Canadian fighter pilot (1895–1982)

Captain Ernest Charles Hoy DFC (6 May 1895 –22 April 1982) was a Canadian First World War flying ace, officially credited with 13 victories. He later pioneered airmail flight over the Canadian Rockies.

==Early life and service==
Hoy was serving in the Canadian militia, in the 93rd Regiment, when he enlisted in the regular forces on 3 March 1915. He gave his next of kin as Charles Hoy, and his occupation as salesman.
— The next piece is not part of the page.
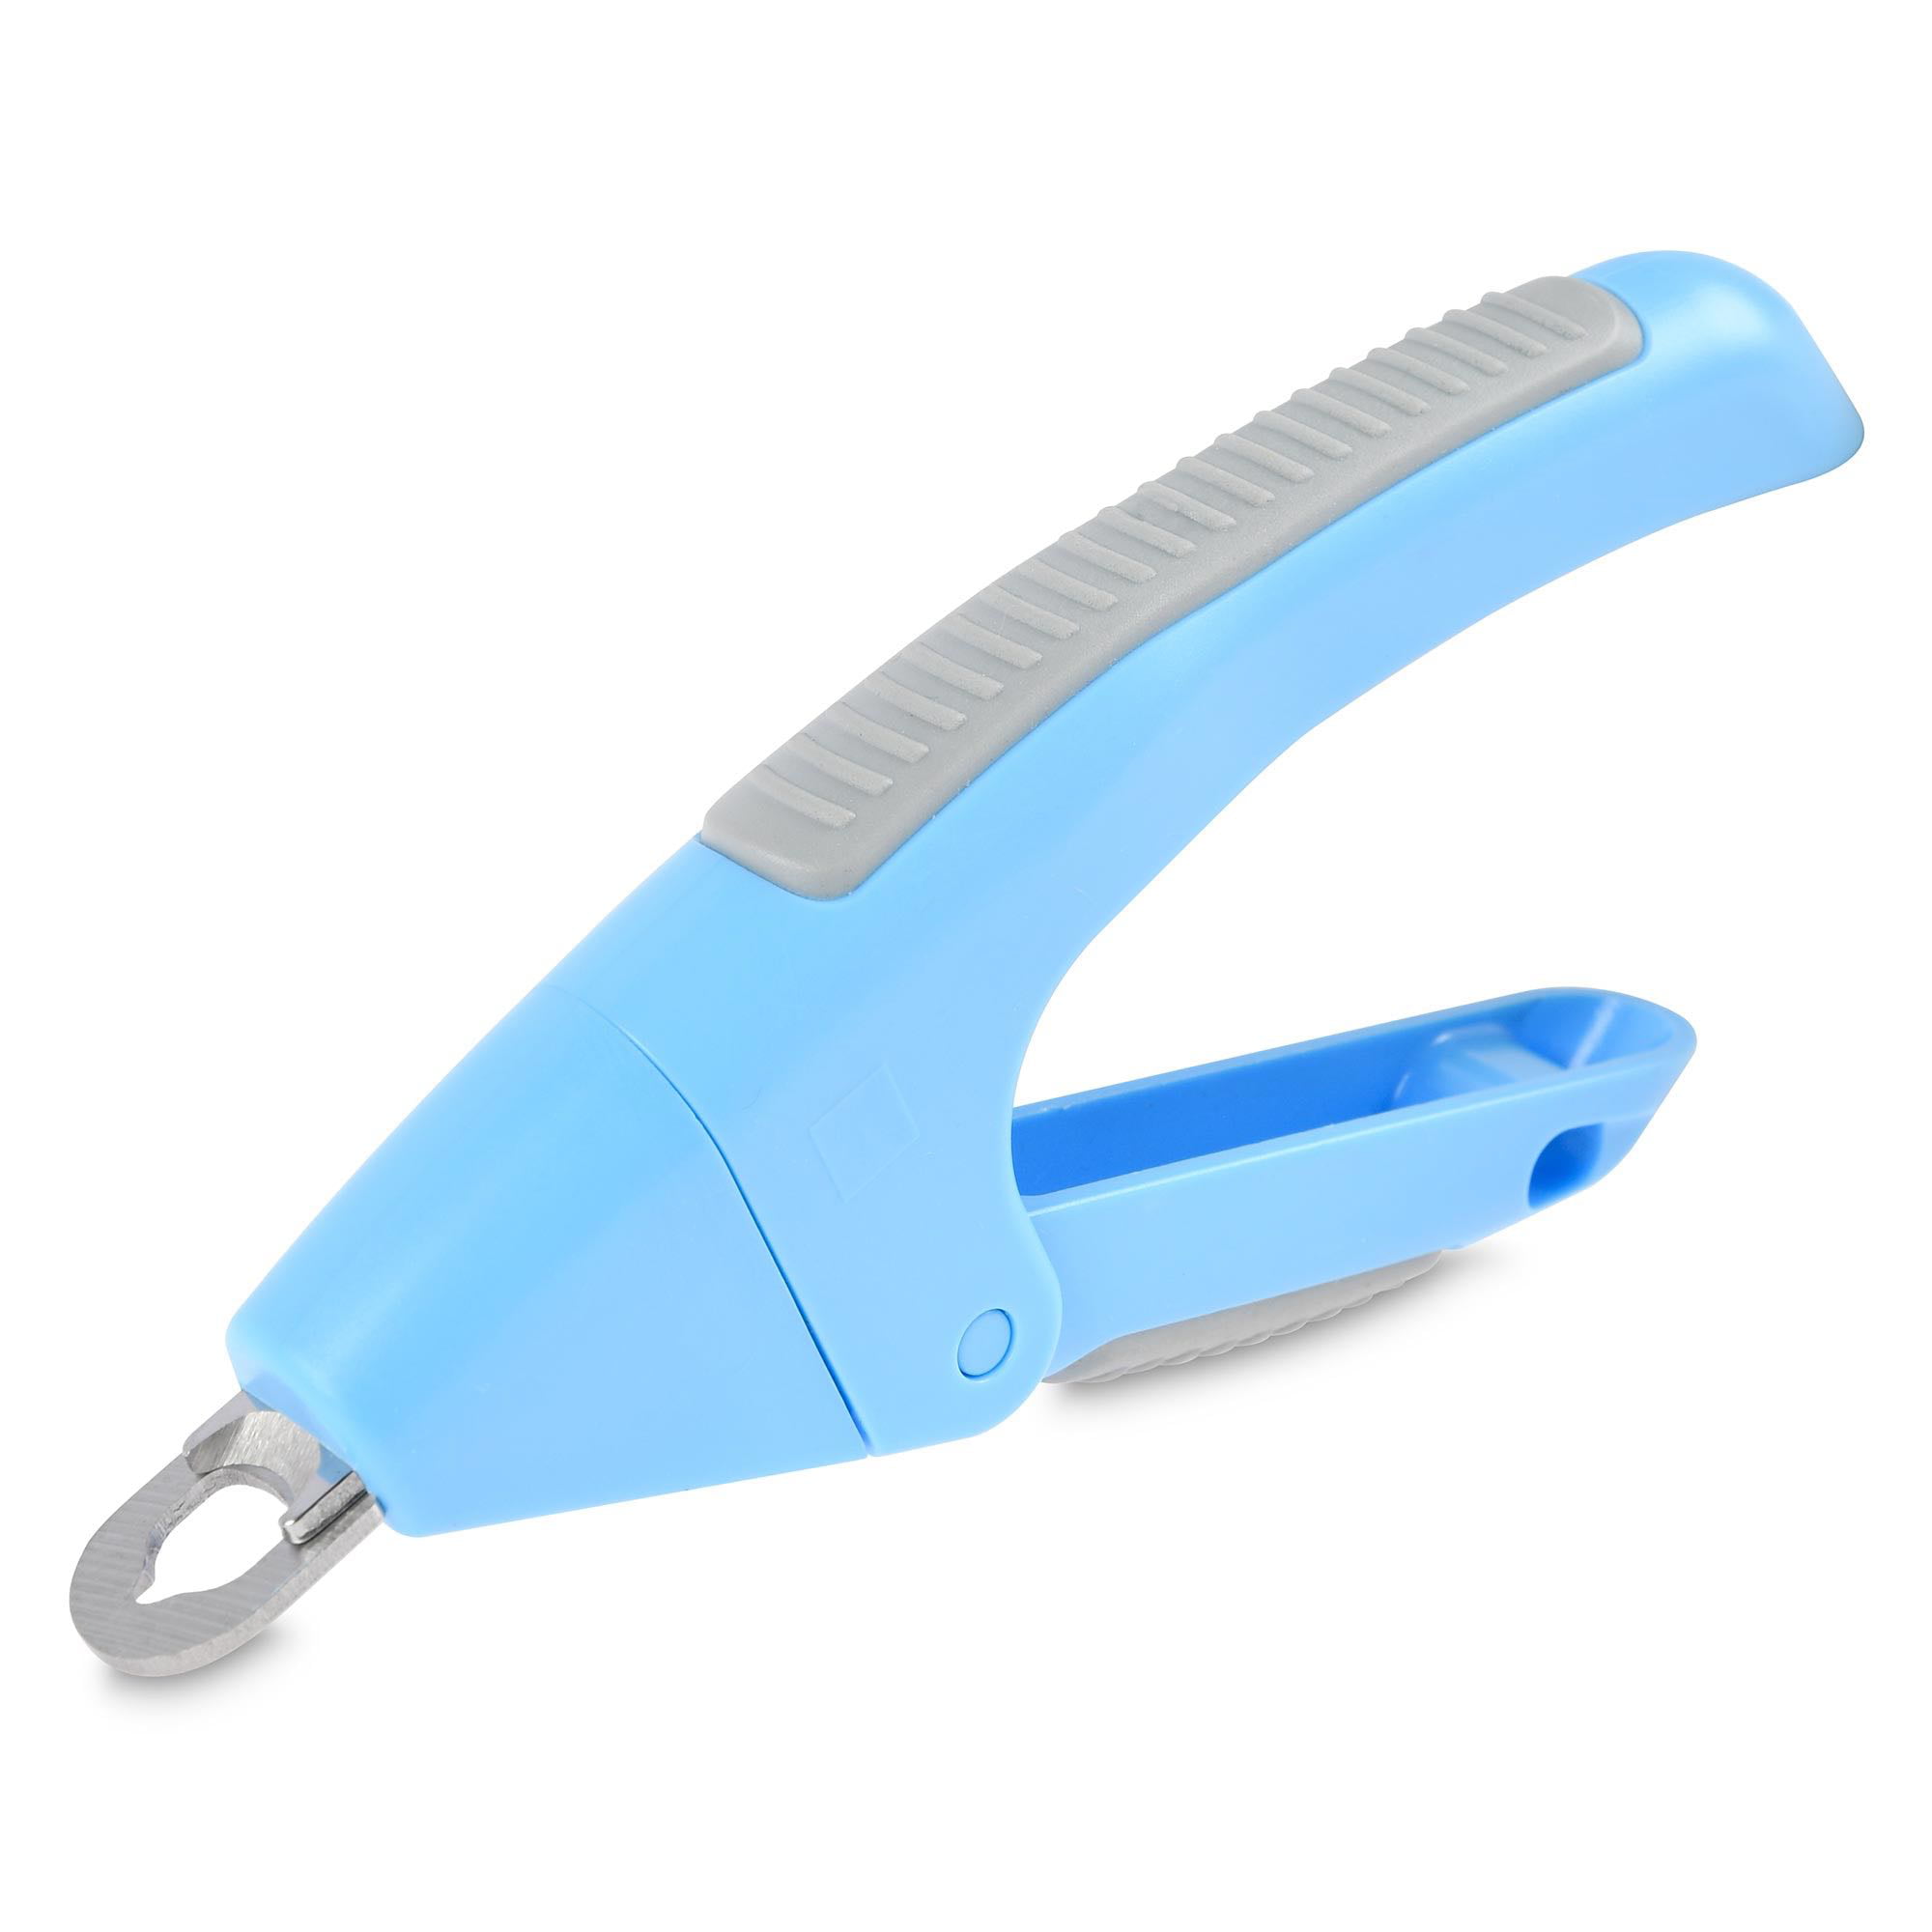 small dog nail clippers

==First World War service==
Hoy joined 29 Squadron as a Royal Aircraft Factory pilot in January 1918. He would not begin to score with them until 12 August. He then tallied up seven wins in August, and six more in September. In summary, he shared in being a balloon buster along with Lieutenant Charles Ross and another pilot, as well as downing one of the observation gasbags solo; he destroyed nine enemy airplanes, including a triumph shared with Lieutenant Christoffel Venter; he also drove two planes down out of control.

On 28 September 1918, the day after his final victory, Hoy was shot down by Leutnant Josef Raesch and imprisoned for the rest of the war.

==Post-war==
In August 1919, Hoy used a Curtiss Jenny to carry the first airmail from Vancouver to Calgary across the Canadian Rocky Mountains; the pioneering flight took sixteen hours, forty-two minutes.

==Honours and awards==
- 3 December 1918 - Lieut. (A./Capt.) Ernest Charles Hoy is awarded the Distinguished Flying Cross (DFC) in recognition of gallantry in flying operations against the enemy in France:

A bold and skilful airman who has accounted for four enemy machines and shot down a balloon in flames, displaying at all times a fine fighting spirit, disregarding adverse odds.